Talking to your children as a parent or educator:
- Children often turn to adults to determine how they should react to a certain situation. They are listening even when you don’t think they are and what they hear can shape how they feel about returning to school.
- Be positive about school and emphasize the elements your child will enjoy, i.e. seeing their friends, being able to make eye contact, feeling emotionally connected, and being part of a community
- Encourage them to ask questions and take part in these discussions
Handwashing, didn’t we master it yet?
You might think we put this problem in bed for good but still, I remind my 16-year-old boy every day. We human beings forget easily and put our guard down.
- Review and practice proper handwashing technique with your child
- Ensure they understand the reasons behind regular and proper handwashing
Learning to wear and be comfortable in a mask
Unfortunately, there are still some of us who do not understand or believe the value of wearing a mask to protect themselves and others around them. Like my 13-year-old told me once, it’s no different than putting your seat belt on when you are in a car.
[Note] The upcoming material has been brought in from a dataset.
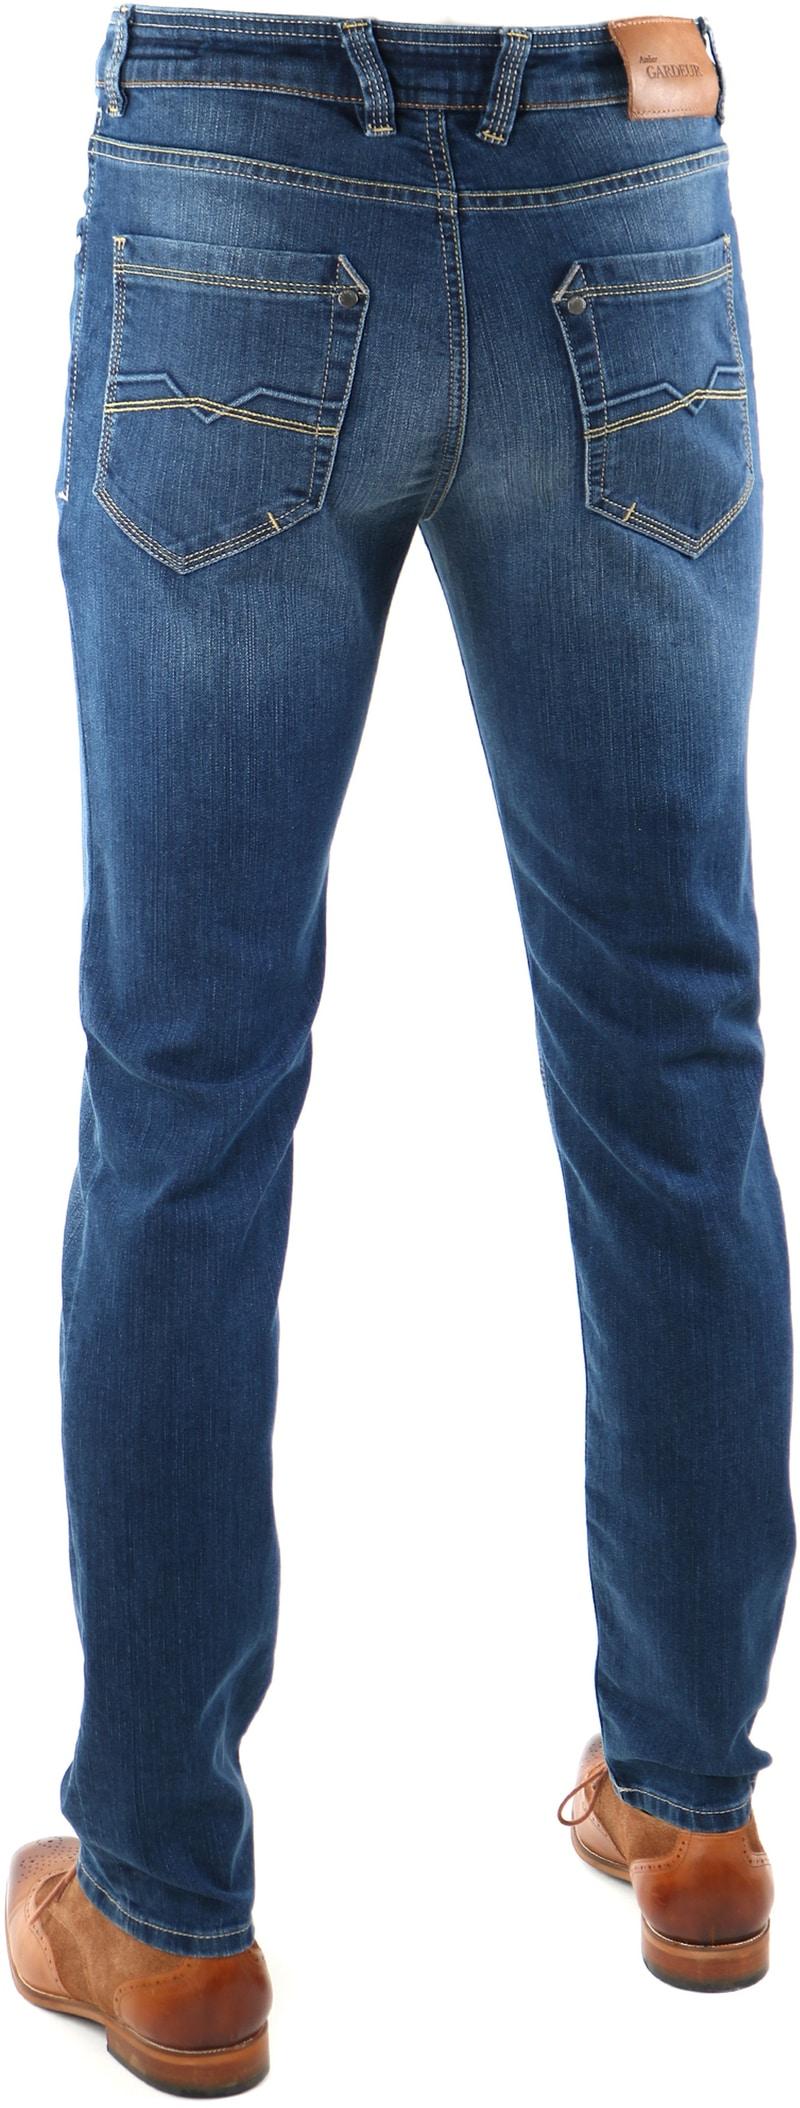 Gardeur Batu Jeans Modern-Fit Blau Foto 3

I found this interesting article for further reading on What the Seat Belt Backlash Can Teach Us About Mask-Wearing.
- It is mandatory for students grades 1 and up to wear masks. While it is not mandatory for younger students to wear masks, they are still encouraged to do so
- Size and comfort will be key factors in your child’s adjustment to wearing a mask. Make sure to try out different types of masks and see which are most comfortable for your children.
- Allow them to pick out masks they like
- Ensure that they see wearing their mask as a valuable contribution to society
- Review mask-wearing best practices
- No sharing
- Send multiple masks in case one is dirty or lost — let them know where you will put their extra masks i.e. their backpack or cubby.
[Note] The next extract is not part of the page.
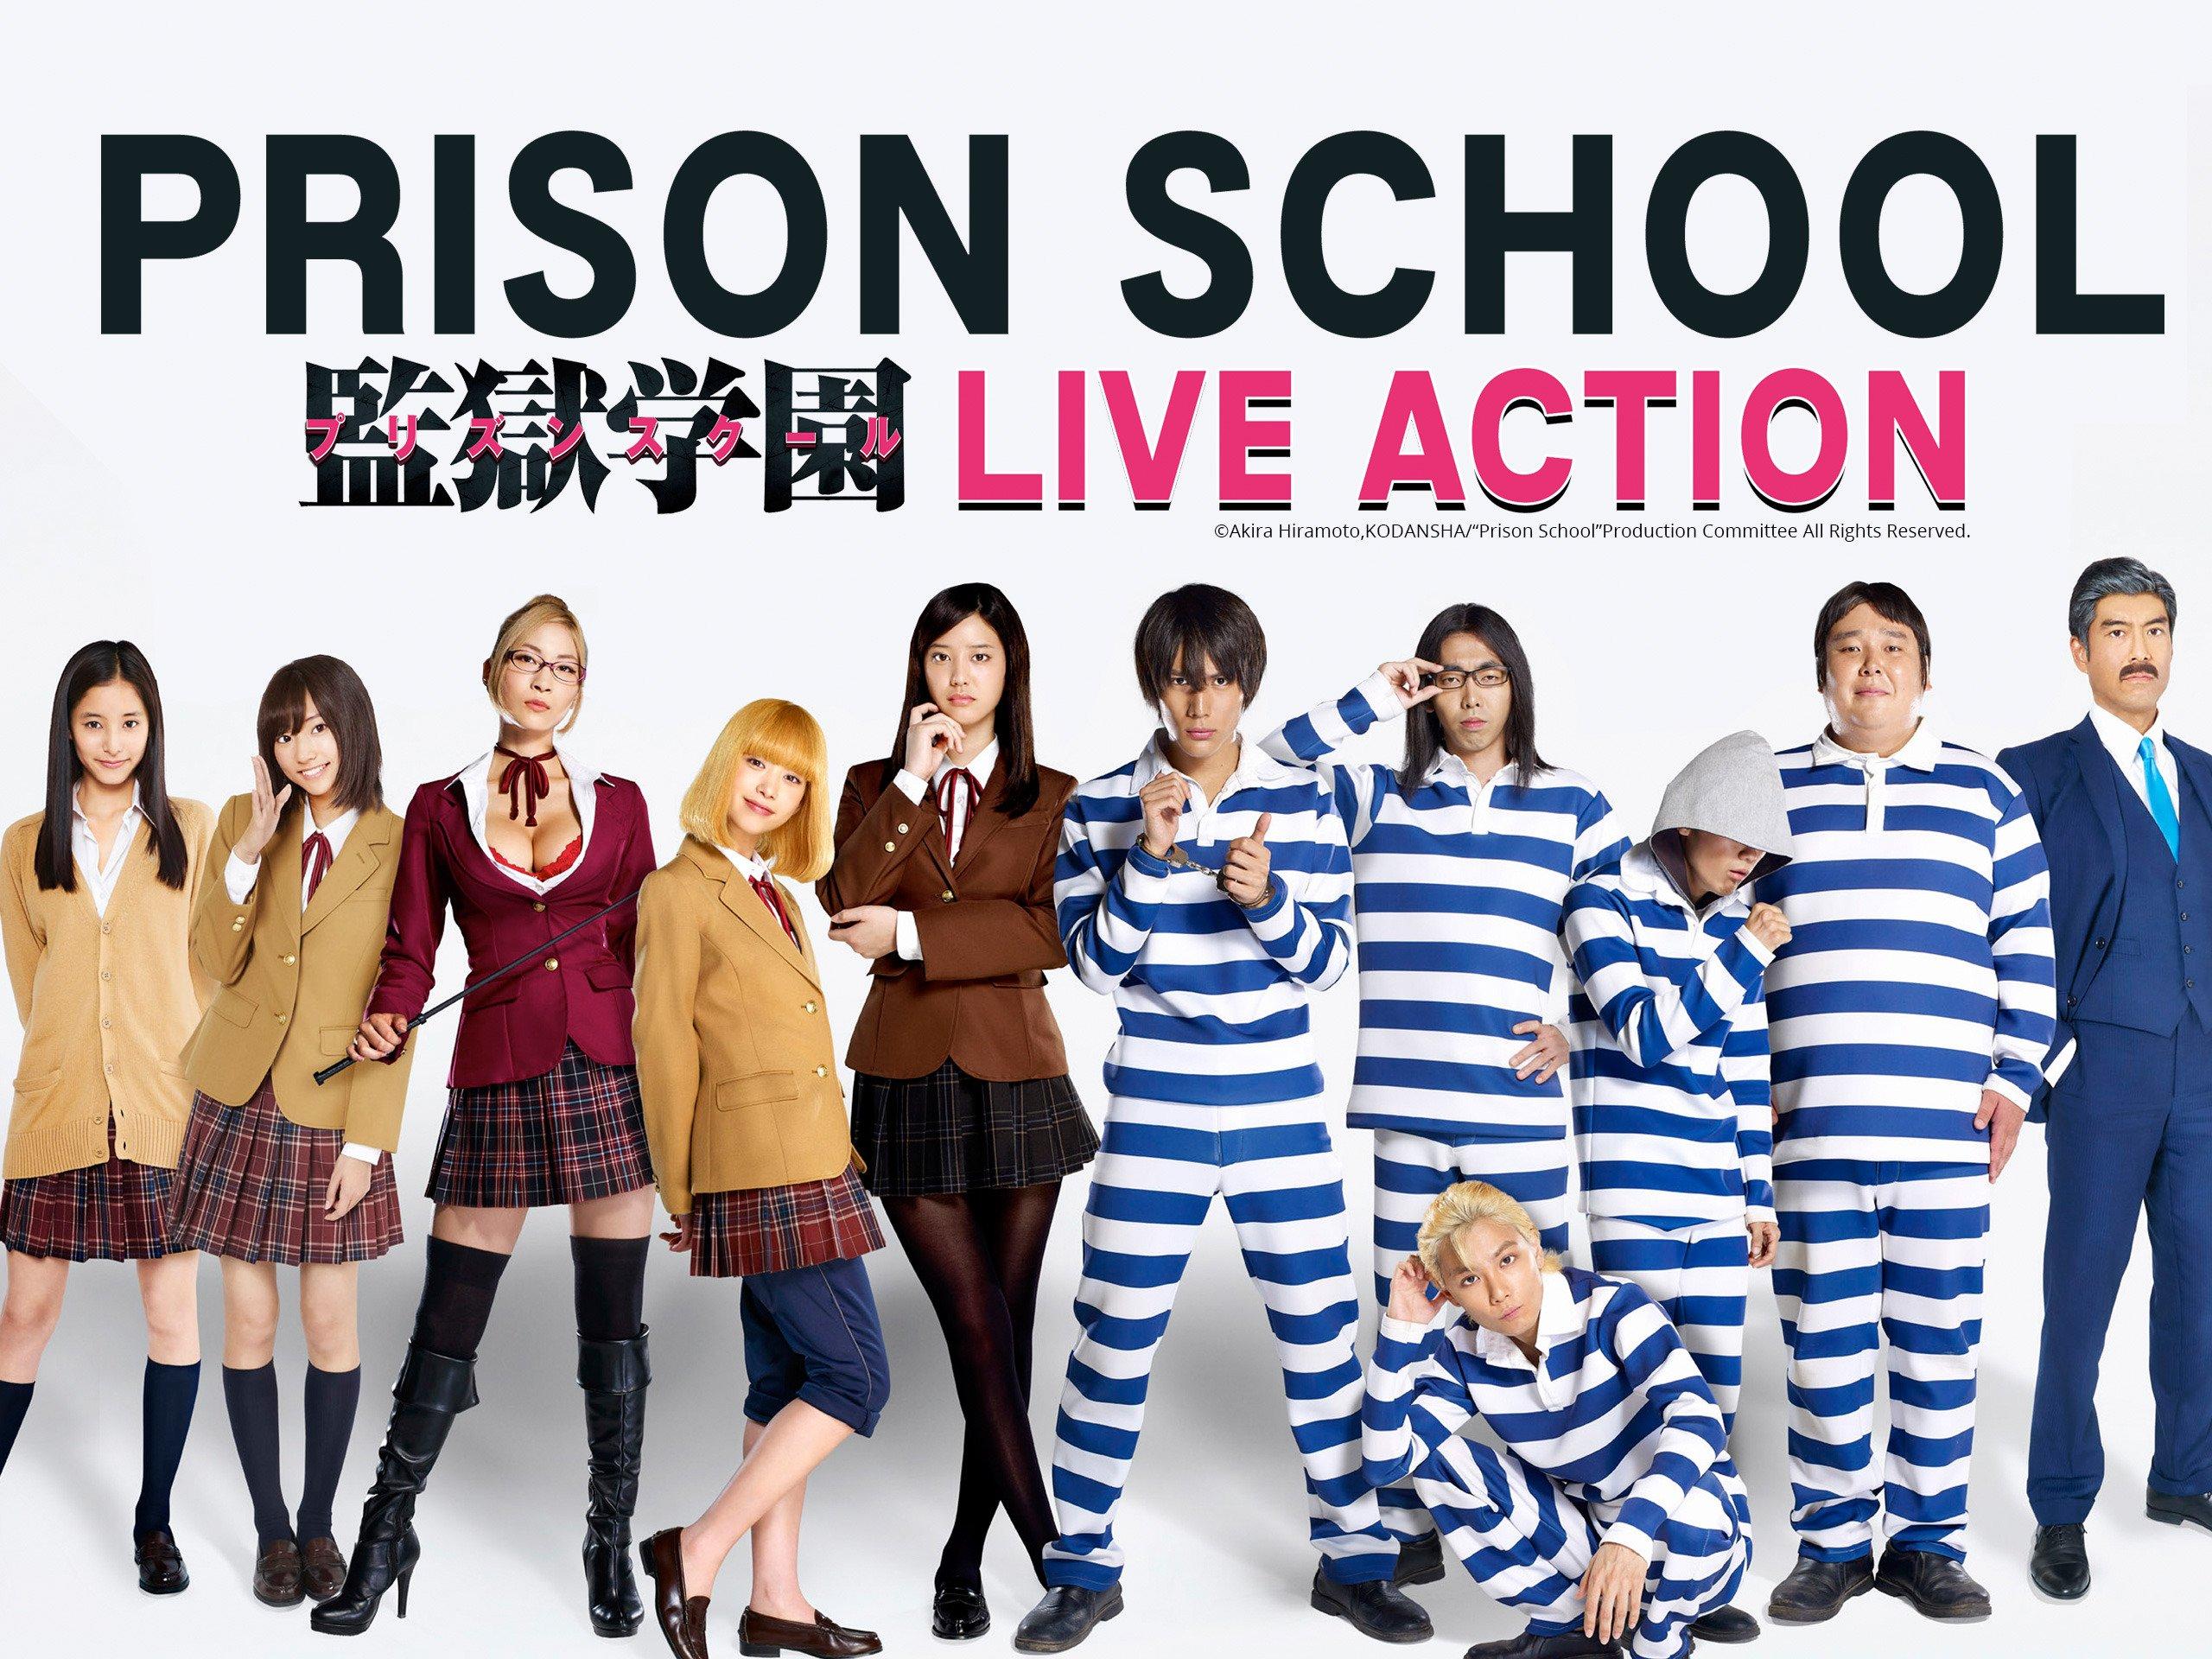 Amazon.com: Watch Prison School: Live Action (Original ...

- Label your masks if possible— children will lose them and you don’t want them going home with someone else’s mask!
- Discuss what to do with a mask that they are no longer using — ie leave in a paper bag
- Encourage them to compliment and give praise to others on their masks and unique styles
- Discuss your family rules and comforts surrounding Covid-19 and physical distancing
- Reassure them that it is okay to ask someone politely to give them more space
- Explain that their comforts may be different from someone’s else’s and that we must respect others’ wishes
- Review appropriate and inappropriate physical distance (2 meters is the recommended distance)
- Reassure them that being less physically close does not mean that they are prohibited from having fun or socializing — we just need to adjust the way we interact
- Ask questions and listen when they express concerns
- Validate their concerns and answer their questions as best as you can
- If you don’t have an answer right away that’s okay- research it together
- Acknowledge that this is a unique situation and that you too are experiencing it for the first time
- Teach them how to sneeze or cough into their elbow and start practicing at home
- Discuss the changes and reassure them that these are positive changes meant to keep everyone safe
- Praise the educators and reassure your children that they will have their best interests at heart
- Lastly, encourage your kids to document what we are going through and write their own stories. They will grow up one day and tell their kids about their Corona days and perhaps write a book about it.
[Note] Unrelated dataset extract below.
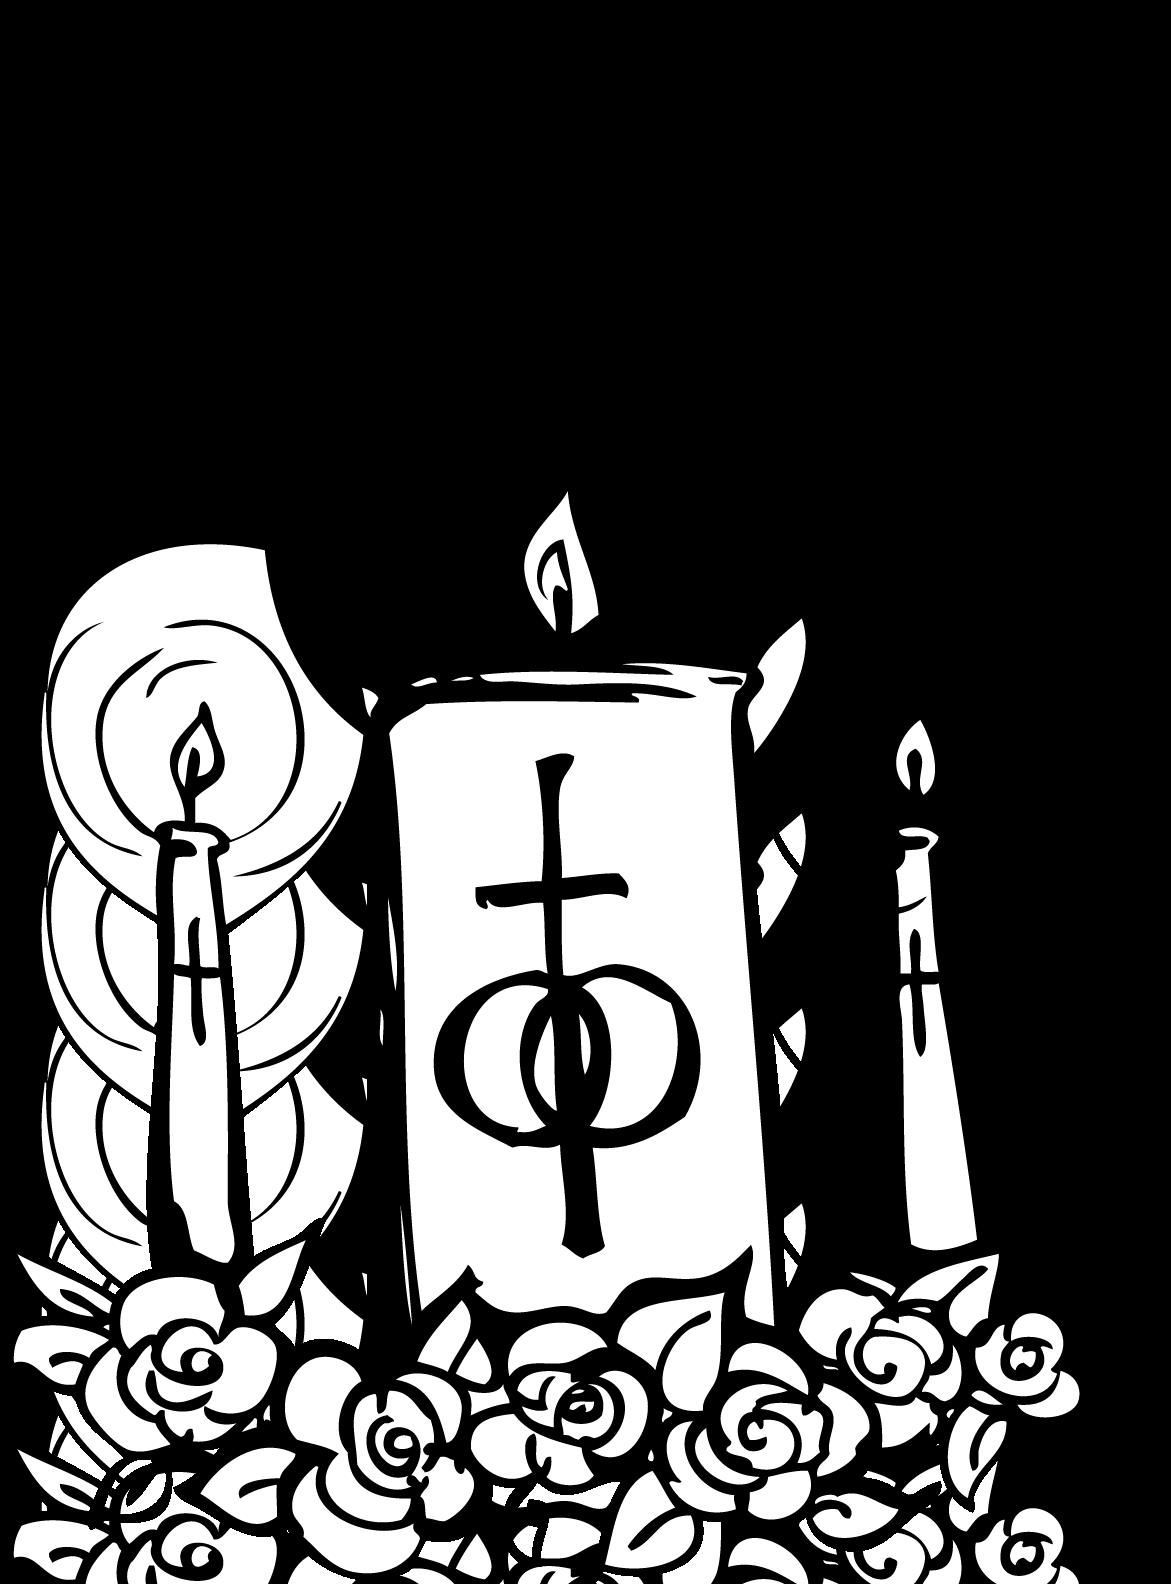 Catholic Church Catholicism Wedding Clip-Catholic Church Catholicism Wedding Clip art - Church Candles-19

- Please do not send children to school if they are ill
- Rules around children going to school sick will be more strict this year — and they should be. Children with Covid-19 can present with mild symptoms and it will be difficult for you to know if this is COVID or a regular cough/cold.
- Learn about your school board’s policy around student illness and requirements prior to return to school
- Contact your health care provider for guidance if you have any concerns
Wishing all families a safe 2020-2021 school year. Keep your distance, wear a mask.